#### [DATA SEGMENT]
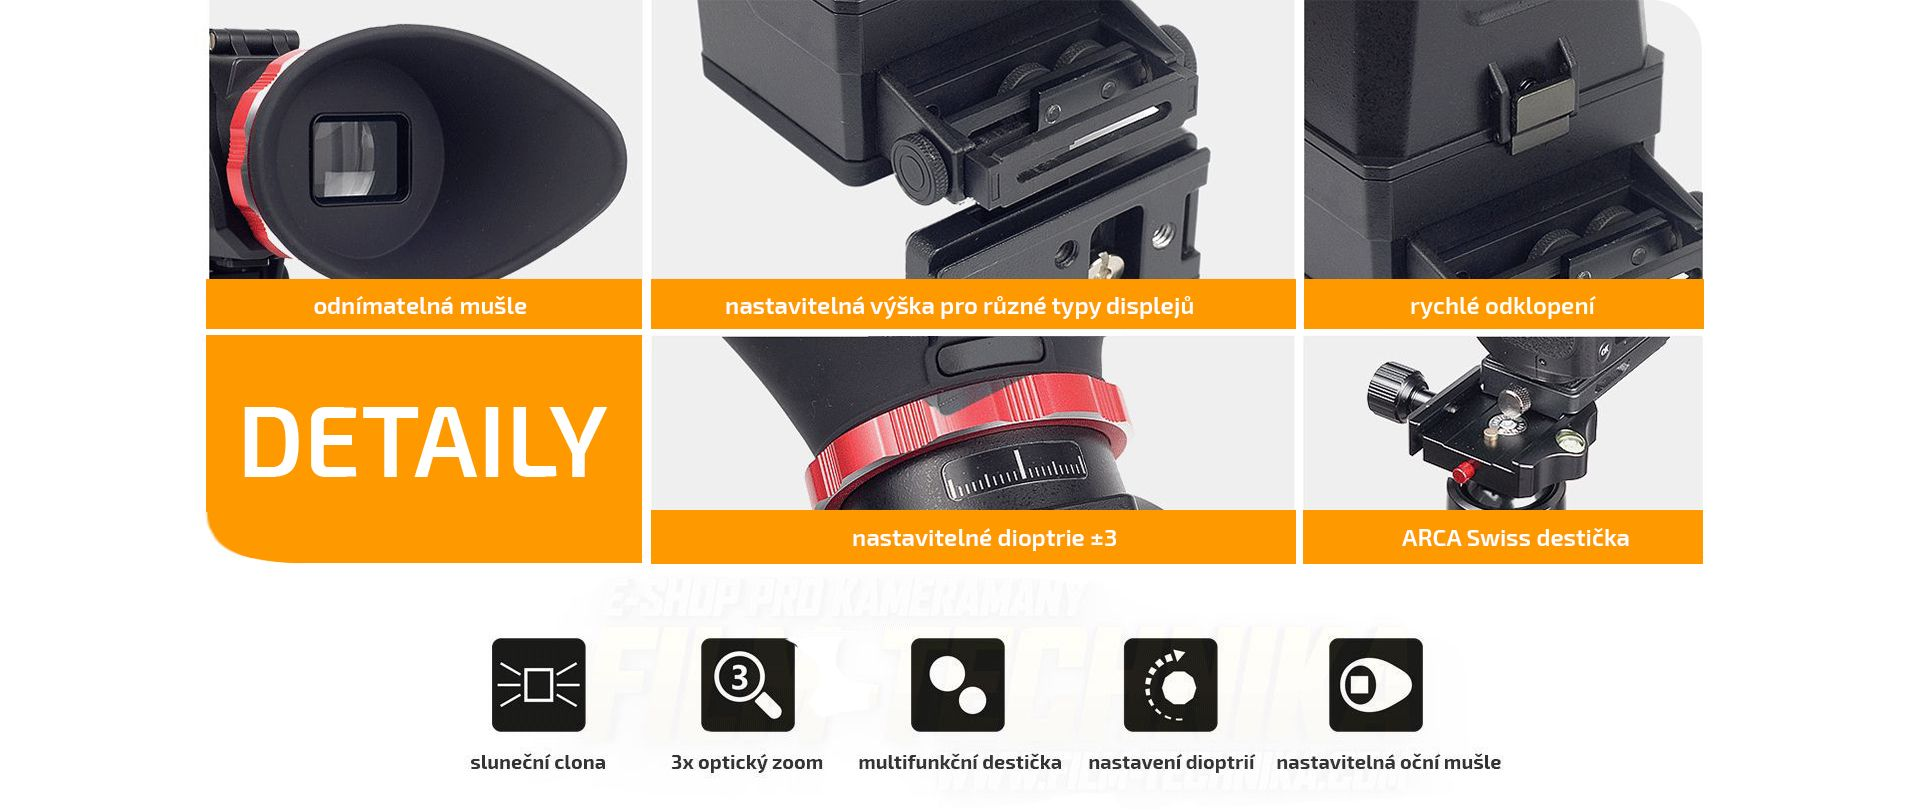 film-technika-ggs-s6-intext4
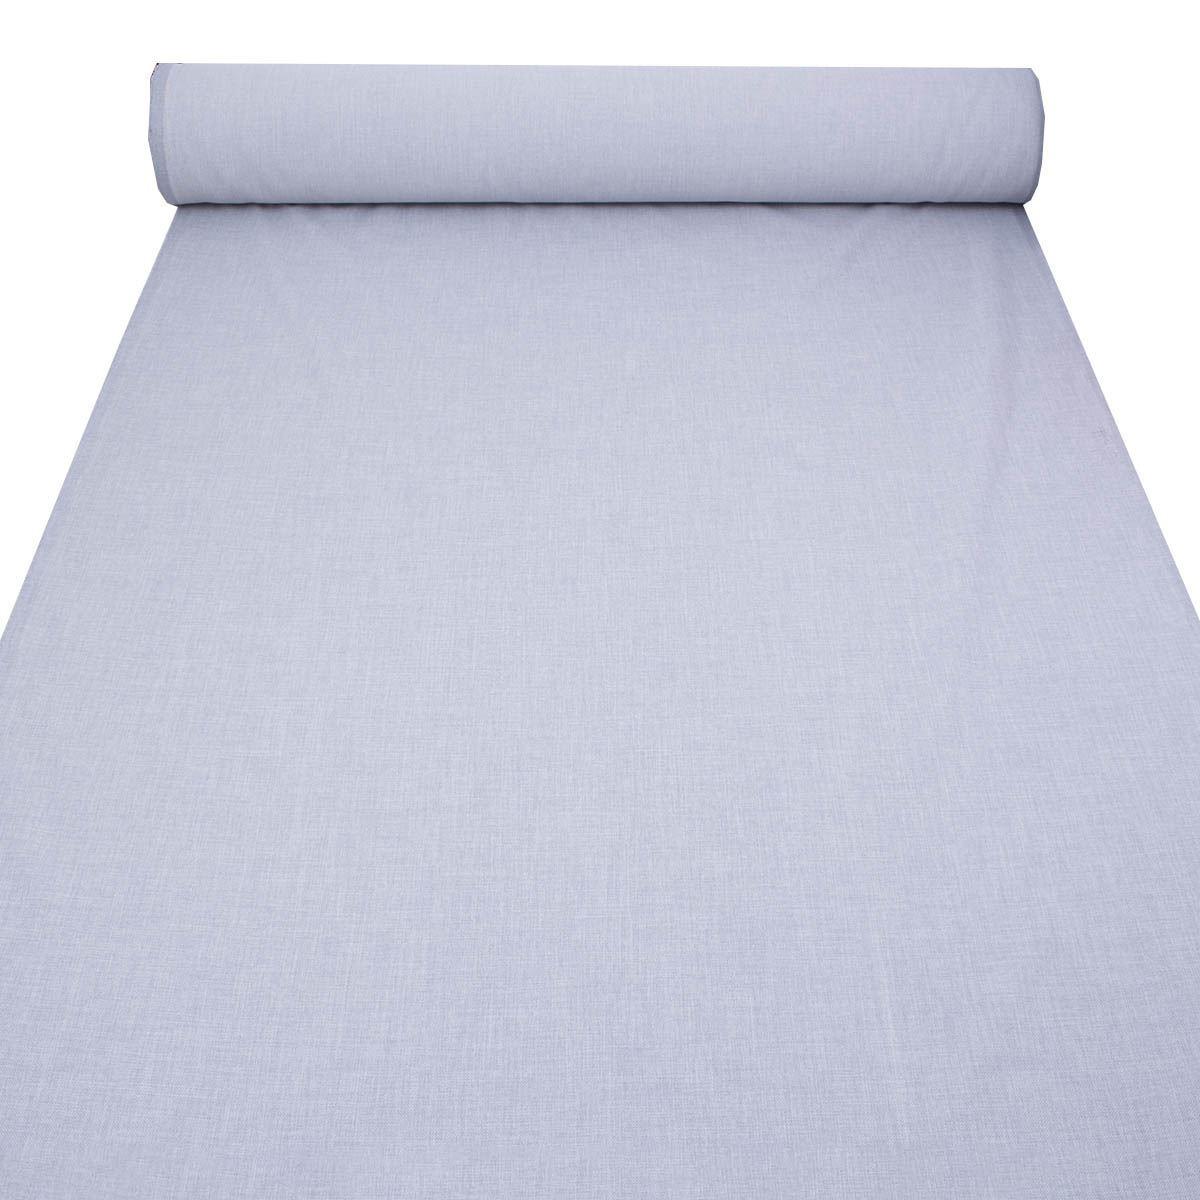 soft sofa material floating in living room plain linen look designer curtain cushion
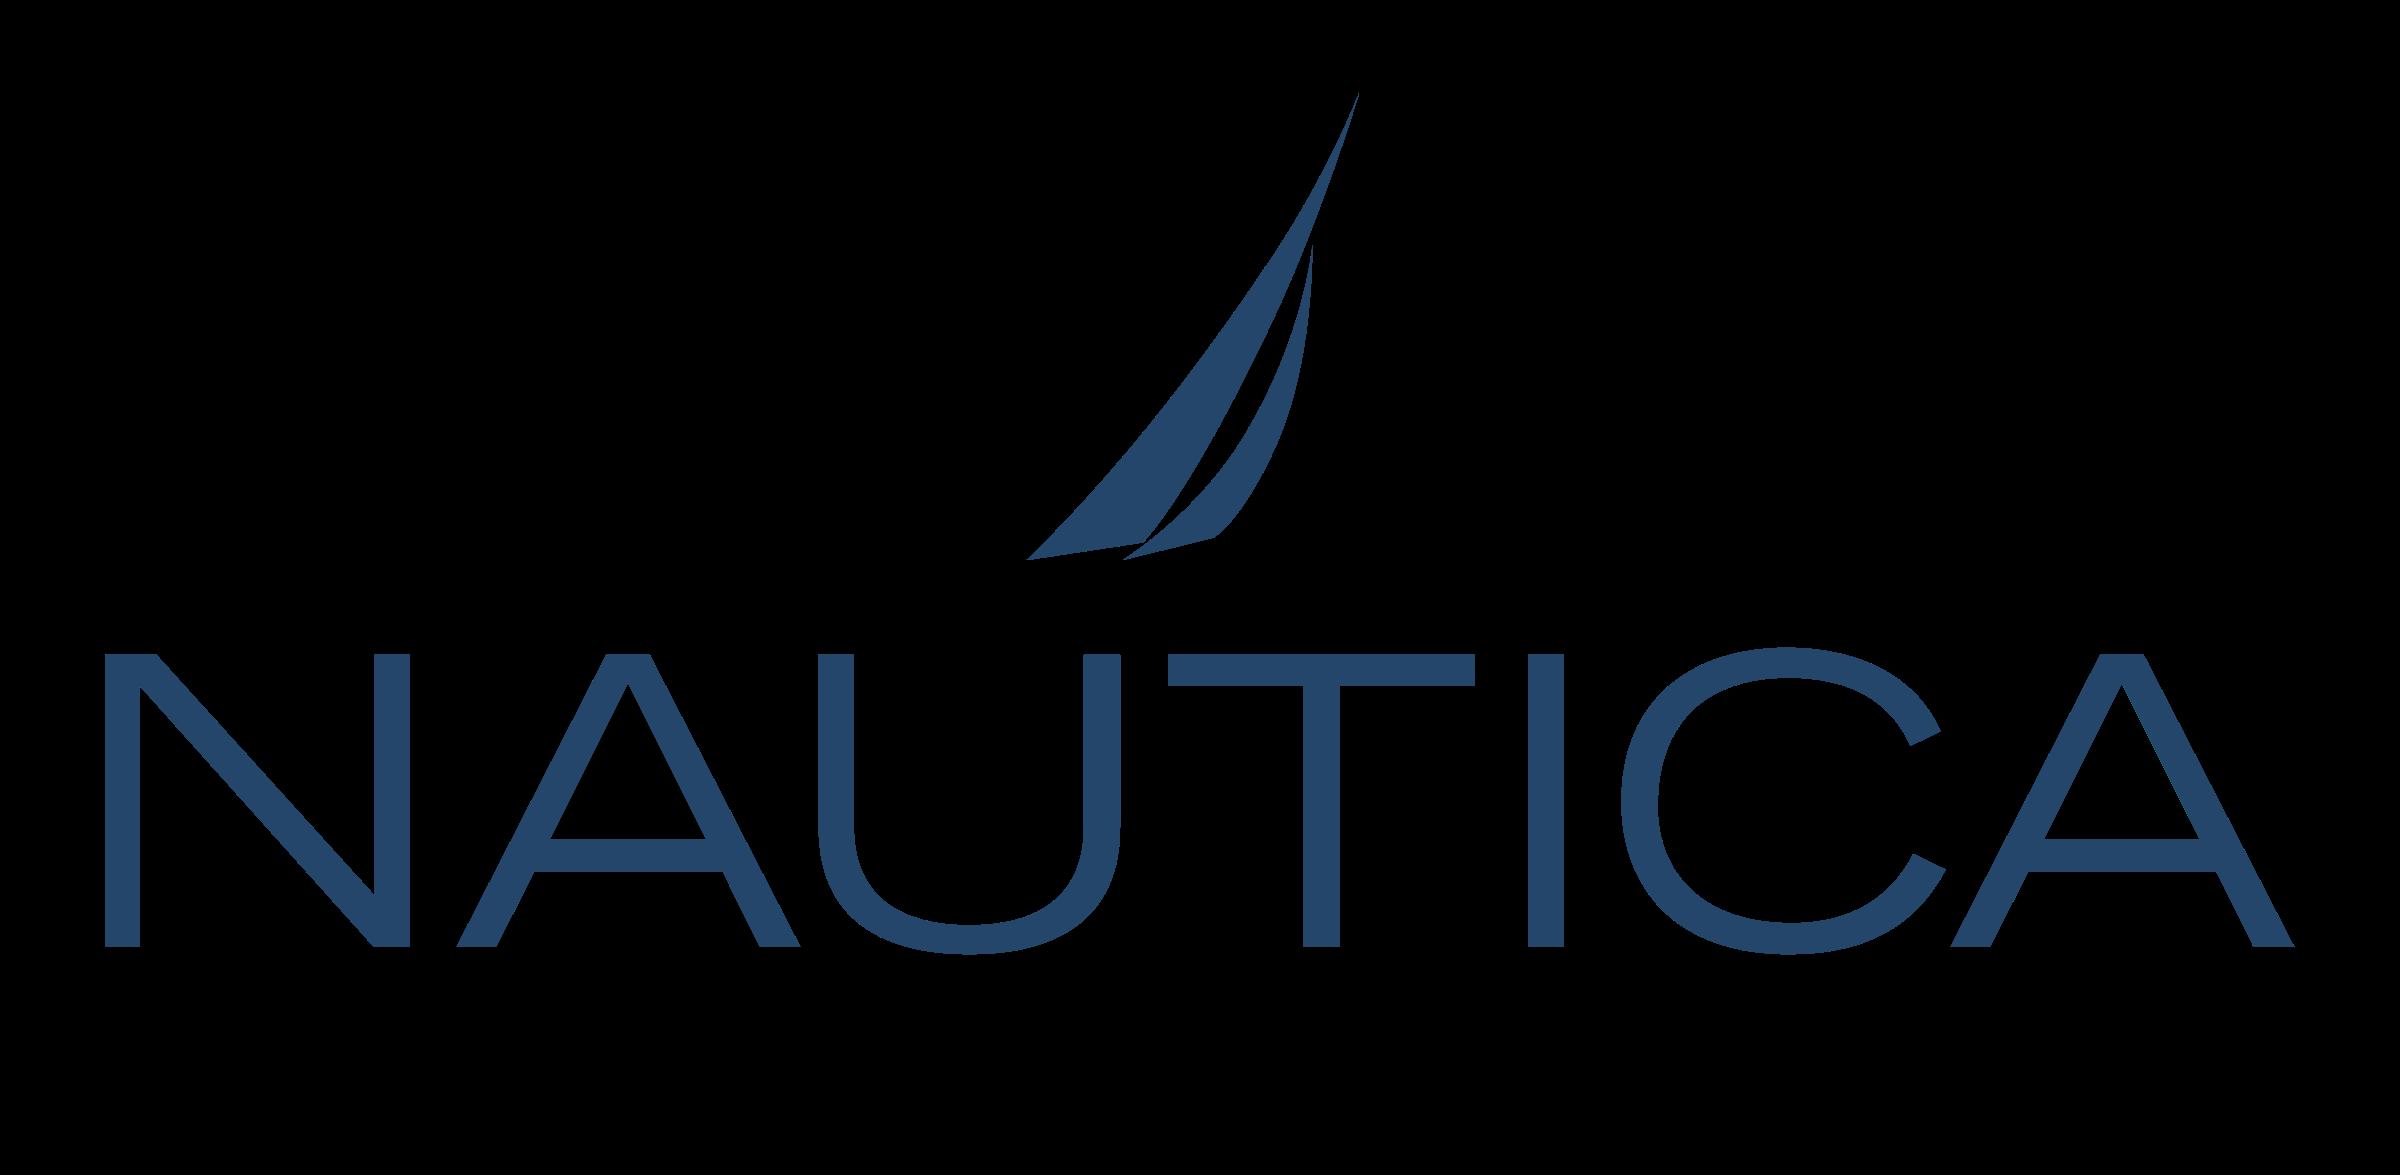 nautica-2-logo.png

#### [WORK INSTRUCTION]
The result should be the full material above, word for word, with its pictures omitted.

#### [RESPONSE AREA]
 film-technika-ggs-s6-intext4
 soft sofa material floating in living room plain linen look designer curtain cushion
 nautica-2-logo.png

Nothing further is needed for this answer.